Longe de ti me perco no rosto das coisas sem rosto. E, no entanto, há uma tranquilidade que me absorve, como se envolvida num longo afago que me liga a ti.
Sinto-te perto, apesar de saber que estás a milhas de distância. Sinto os dias passarem, em rotinas feitas de segredos, como se fora agora o tempo da adolescência. Apetece-me saltar, rir, brincar, gargalhar, com a alegria de uma criança que um dia olhou para ti e soube que eras tu o amigo com quem queria brincar. É dessa certeza que mais parece cósmica que emerge a palavra amo-te, repetida até ao infinito, com a força do sentir vulcânico, ininterrupta, segura, absorvente.

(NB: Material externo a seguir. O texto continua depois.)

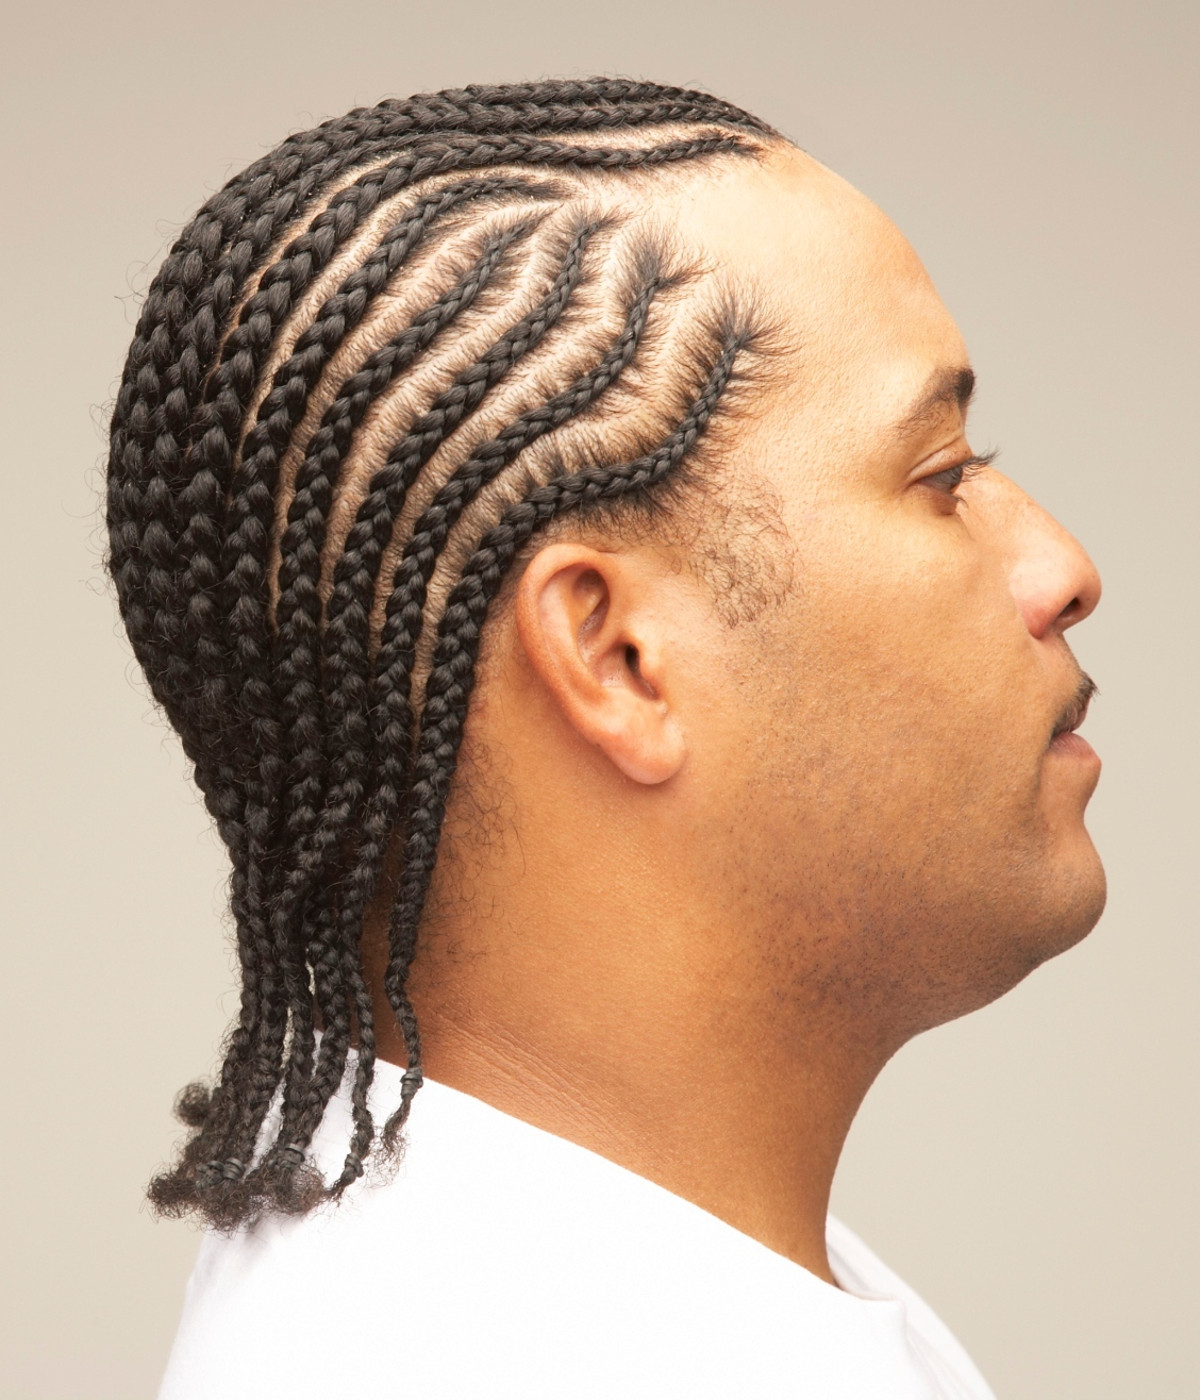 Mens Braids Hairstyles
 Braided Hairstyles for Men That Will Catch Everyone s Eye

Escrever, talvez seja a minha forma de expulsar a birra e de modelar aquilo que me é distante. Procuro agarrar cada momento que me foge e escrevo, na expectativa de que me leias e sintas a ternura que há dentro de mim. Escrevo ainda para expulsar esta saudade granítica que me liga a ti, onde gotas de água escorrem em estalagmites. Escrevo para me sentir, num esforço de quem quer caminhar pela vida em passos suaves e doces, na inocência de simplesmente existir, sem dor, sorrindo às coisas que me lembram de ti.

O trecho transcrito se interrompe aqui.